We need to attach a file output synapse to the Winner Takes All Layer. Do this now and in the file output synapse set the file name to something like test.txt, in the control panel set the number of epochs to 1 and the learning property to false.

Run the network again and examine the text.txt file, you should see 8 rows and two columns. The column represents the neuron and the row the character they are trying to recognise i.e 1-8. We now that the first four characters were the character 'A' and the lest four were 'B' characters. Check that the test.txt contains 1.0 in the same column for four rows then 1.0 in the other column for the last four rows. On hour network it came out like this ...

0.0;1.0
0.0;1.0
0.0;1.0
0.0;1.0
1.0;0.0
1.0;0.0
1.0;0.0
1.0;0.0

So we now know that by looking at the first four rows neuron 2 fires for character 'A' and neuron 1 fires for character 'B'. It could be the other way round for you.
If at this point the it is not clear i.e neuron 2 fires for both an 'A' and 'B' then you might not have setup the network correctly or it may need more training.

Testing The Network

To test the network , modify the file name in the file input syanpse , select the testA.txt in order to test a character 'A'.
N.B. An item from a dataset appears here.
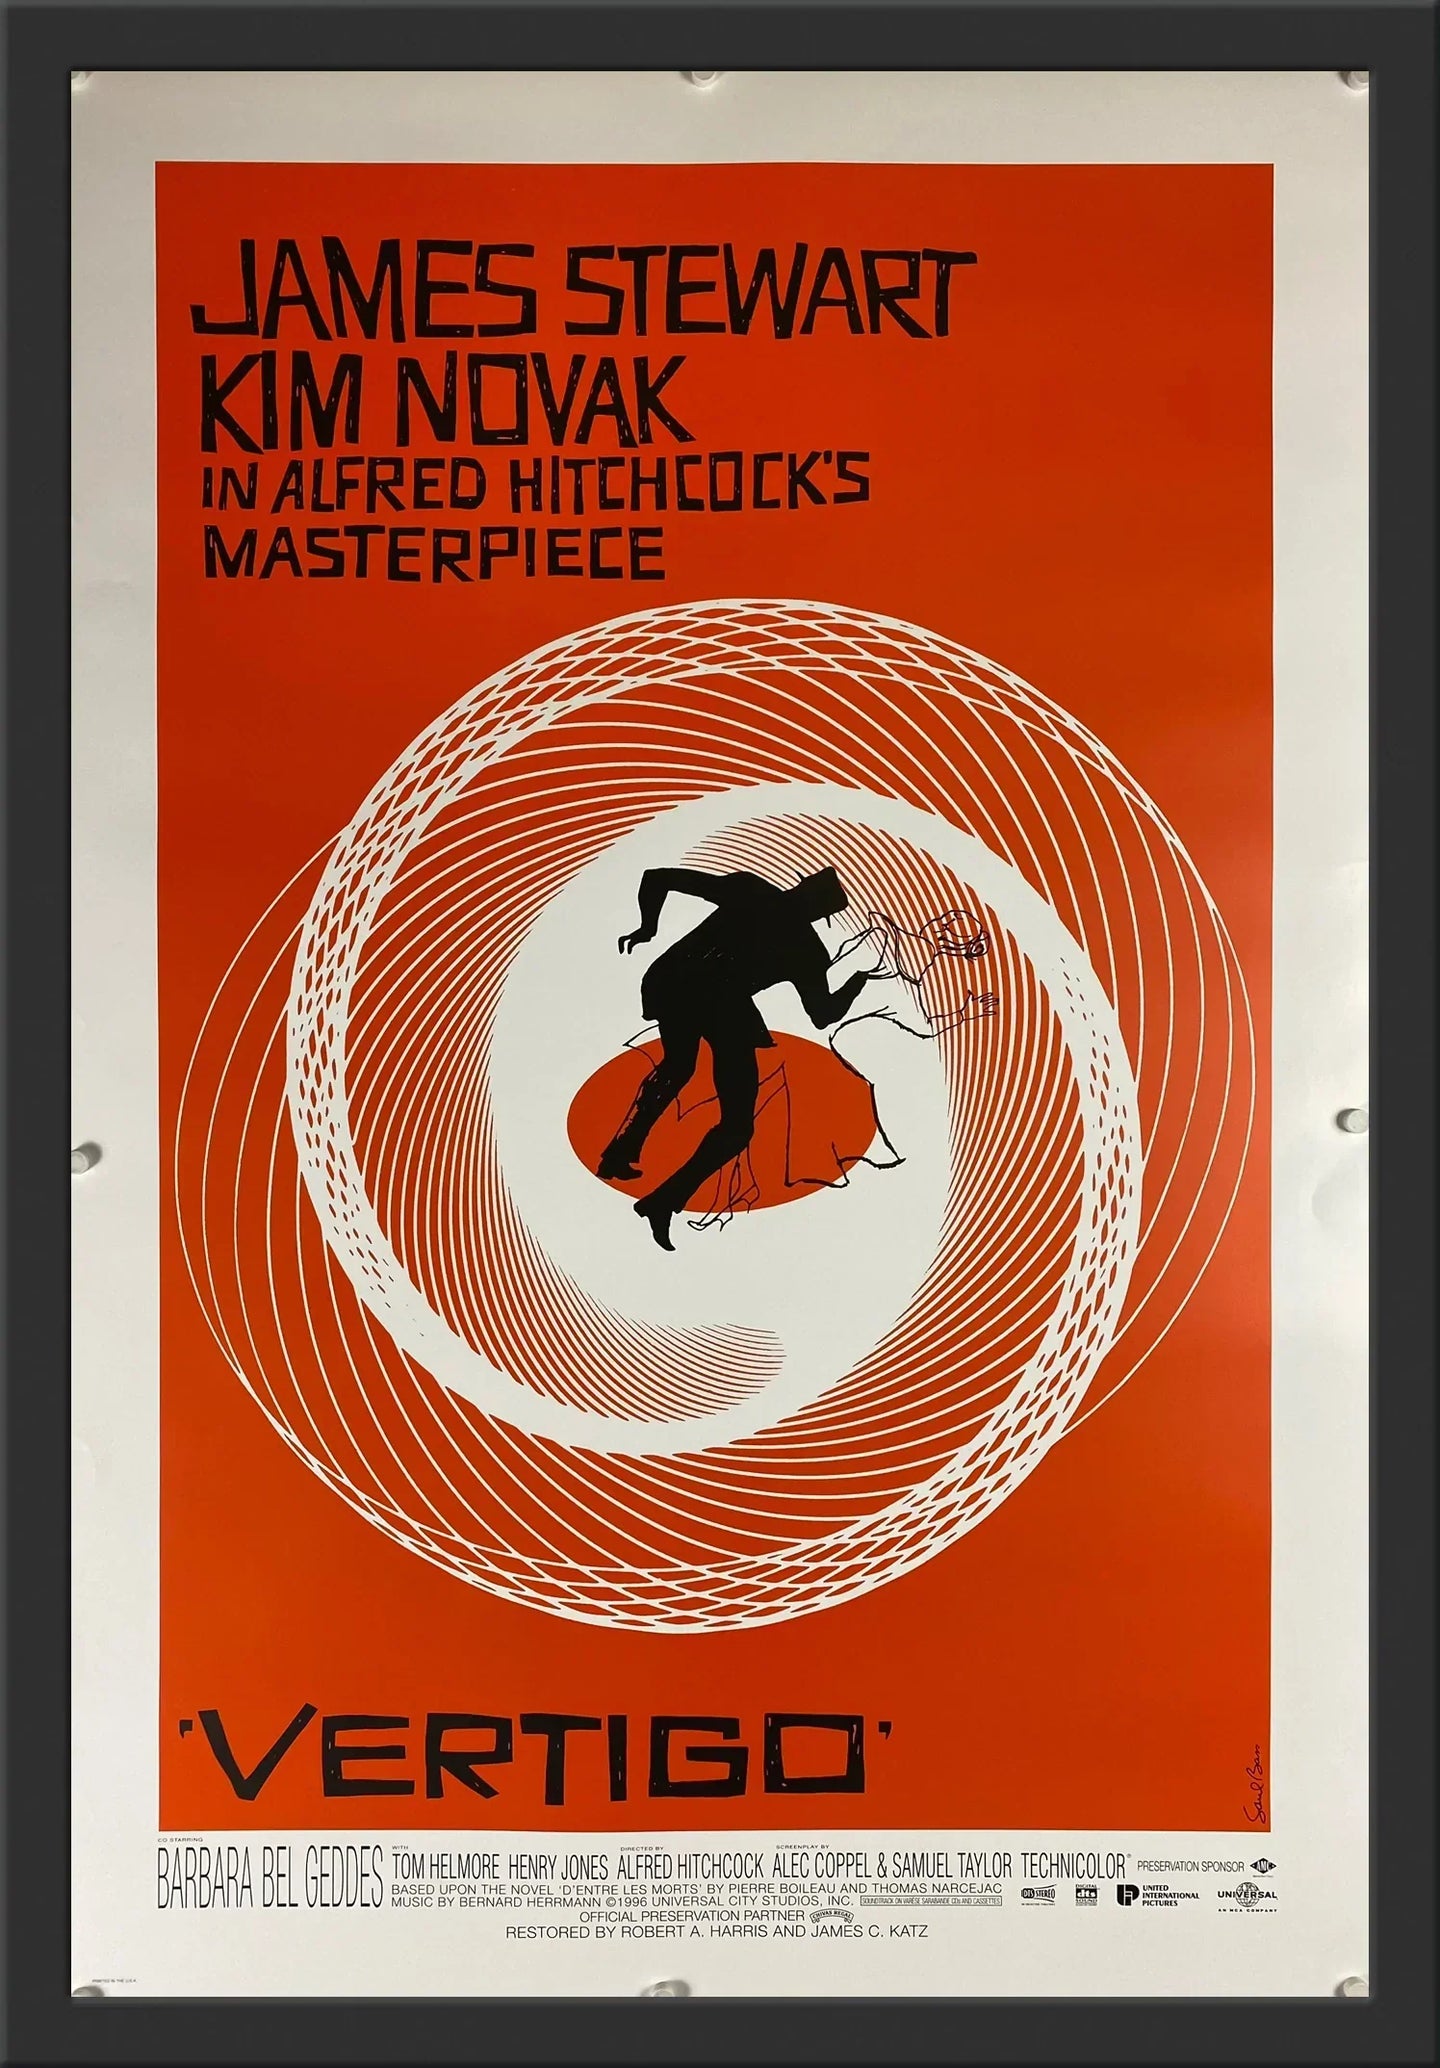 An original movie poster for the Alfred Hitchcock film Vertigo
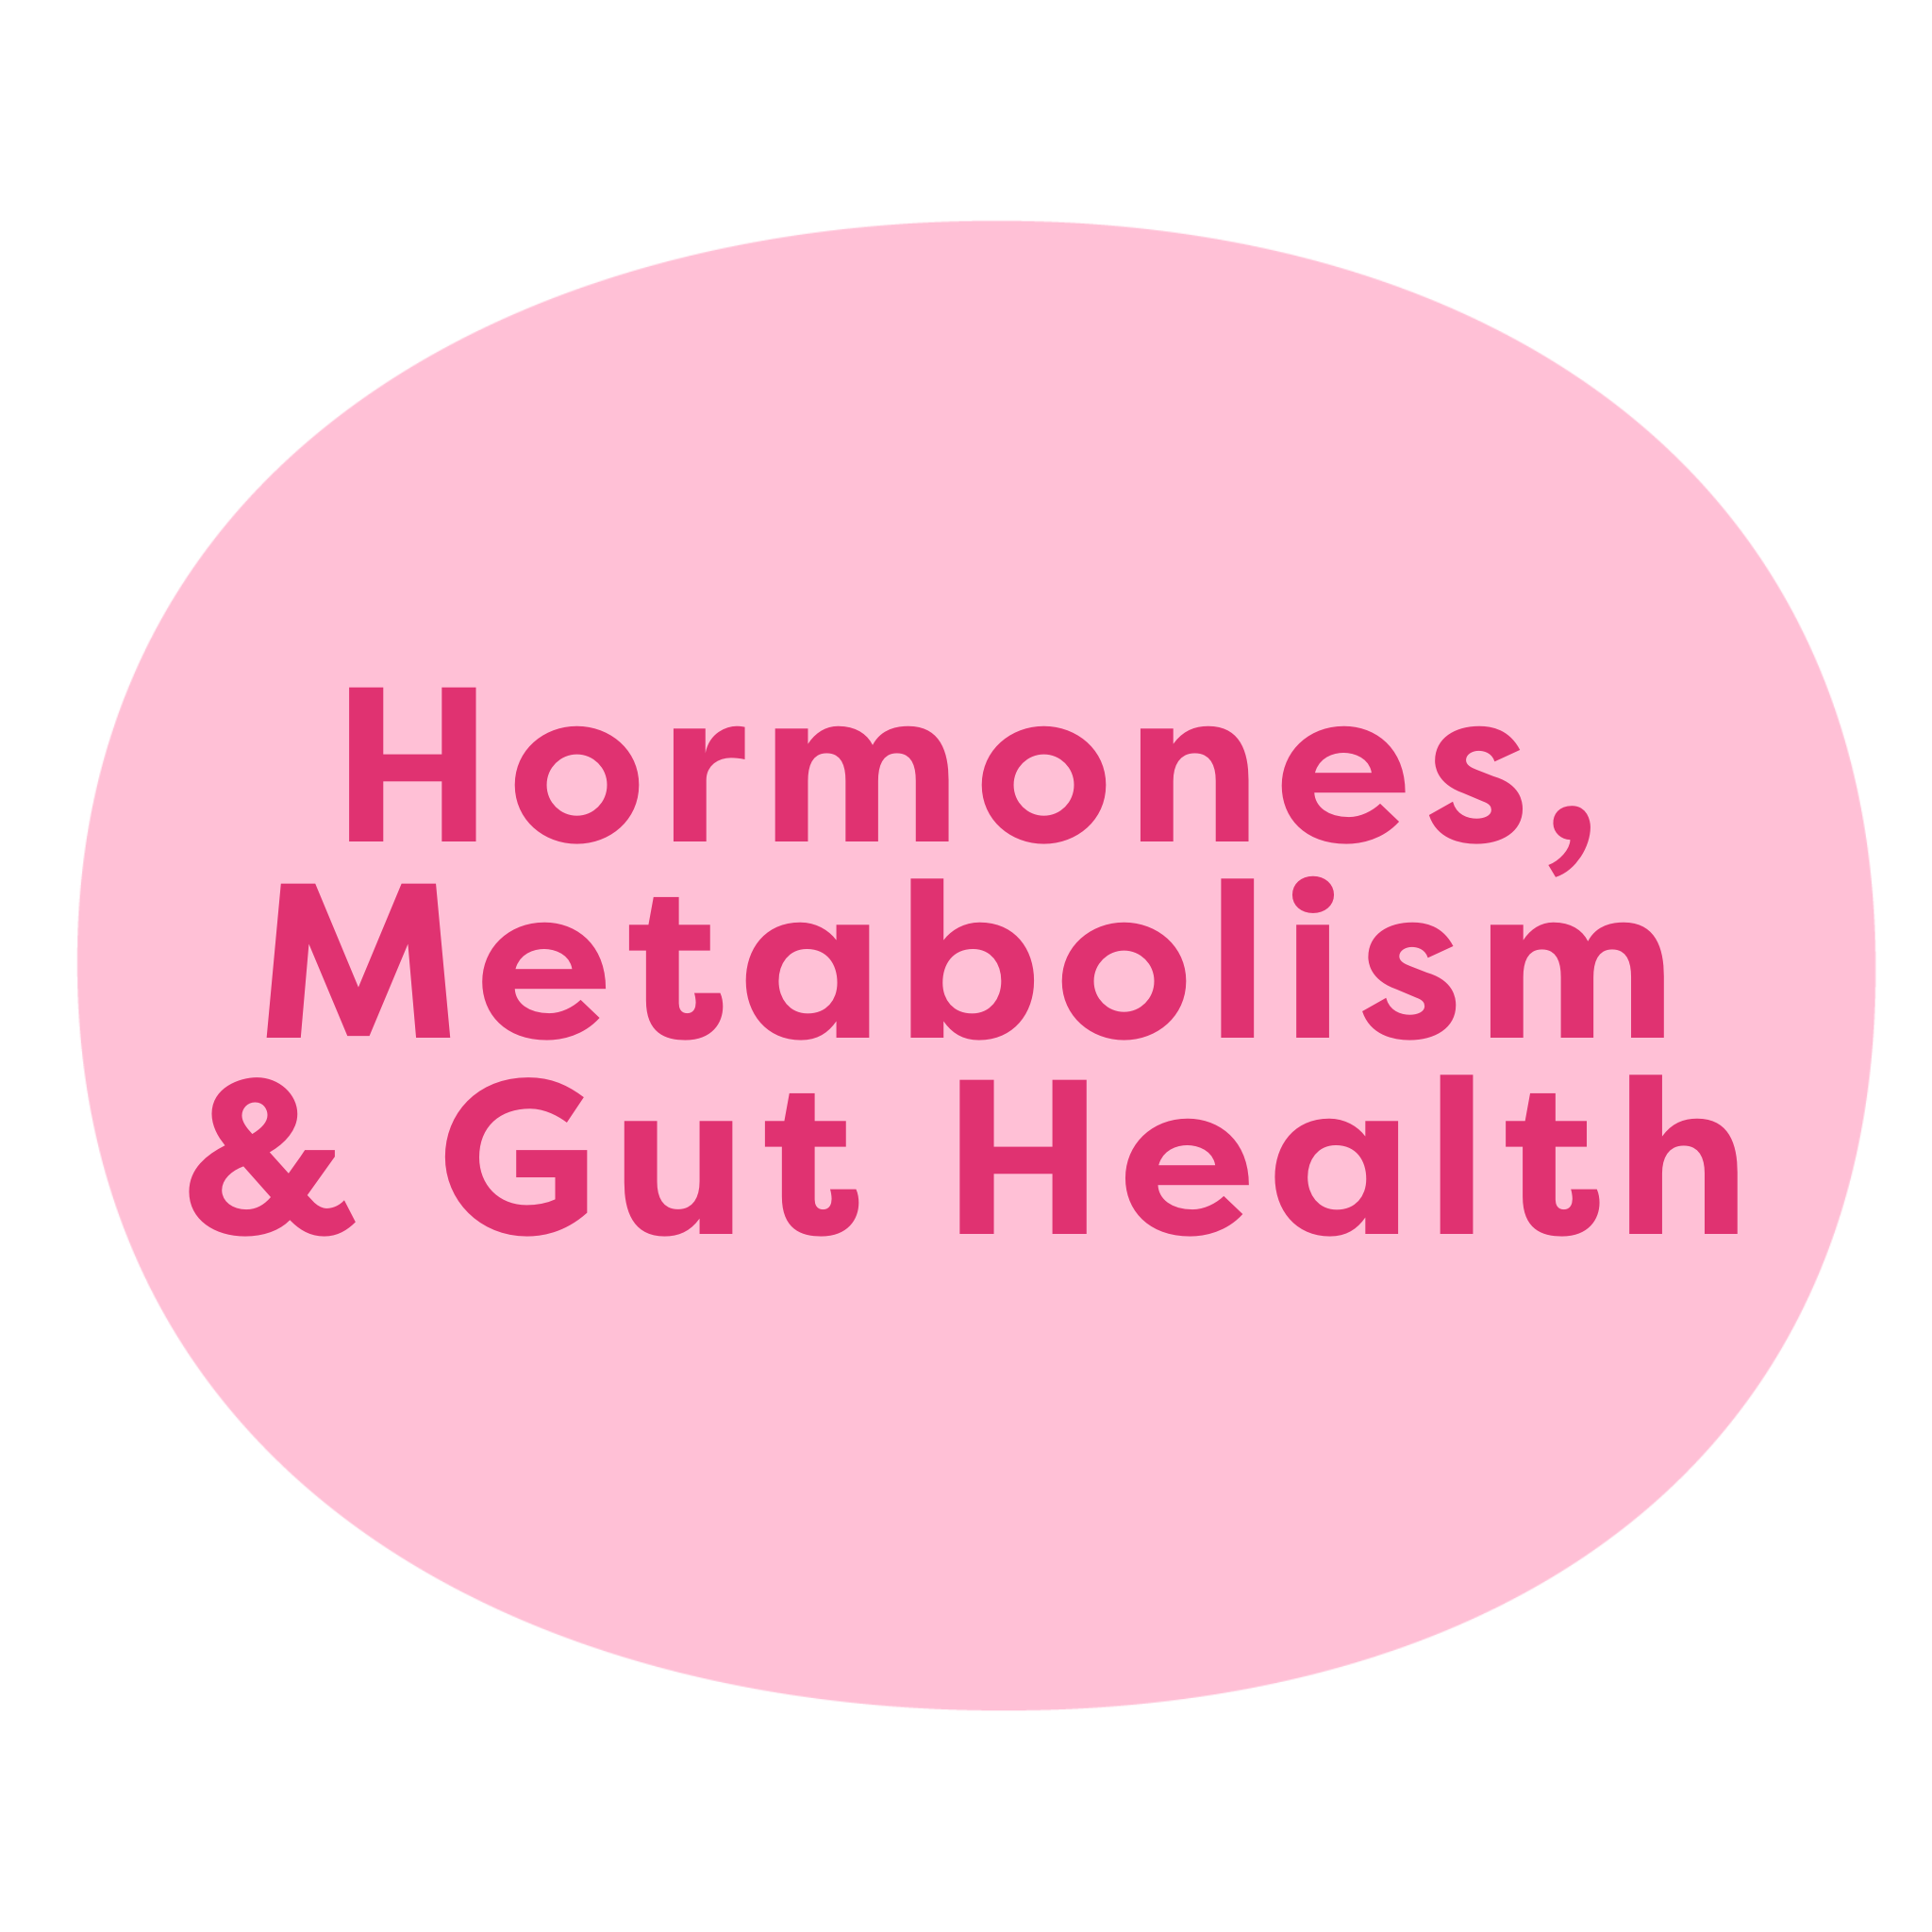 Hormones, Metabolism & Gut Health

We have only one character in this file so in the control panel set the validation patterns to 1 and the validation mode to true. Run the network again. Examine the test.txt file, check if the correct neuron fired. In our case it was correct ..

0.0;1.0

Neuron 2 fired indicating that the network thought it was a character 'A' , it is correct.
You can do the same for the testB.txt file.

Using The Network

It is possible to use this network in your own application but your custom application must present 81 inputs which are written as row1 x,x+1,x+2,x+3,...,x+9 , row2 x,x+1,x+2,x+3,....x+9 , row3 ..... , row9 x, x+1,x+2,...,x+9. Direct input from memory will require the Memory Input Synapse.
An on pixel is represented as 1.0 and off 0.0.
The network can obviously not handle colour just black (on) and white (off).
Your application will also have to crop the image and down sample it to the correct size.

Further Work

Image recognition is a fascinating field and you'll probably want to experiment in recognising different images / objects. At the time of writing the Joone project is looking the producing an Image Input Synapse that will enable users to present images from files or Java images. If this is available then you could use this to easily load images into the network for training and running.
If this is not available then you will have to write some image pre-processing in your custom application.

Something worth thinking about when looking at image recognition is things like colour , size , shape, texture etc. An extension to the this example might be to enable the net to recognise coloured characters but independent of the actual colour. If you always present 'A' in green and 'B' in blue and train it then when you come to test it might have just learned how to recognise the colours green and blue, then when you try and present a green 'B' it doesn't recognise it according to what you were thinking of. In this case you should present 'A' and 'B' in different colours.

In the classic tank hiding in jungle example a research team wanted to train a network to spot tanks hidden in a jungle. They went out an took pictures of tanks hiding in a jungle and pictures with no tanks. They trained the network and when they tested it the network worked very well. However to verify the network they went out a took more pictures and tested it again. This time it failed miserably. Why? For the training images the researchers took pictures of the tanks hiding in the jungle on sunny day and the ones where the tanks were not hiding on an overcast rainy day. The network had simply recognised that it was sunny or cloudy.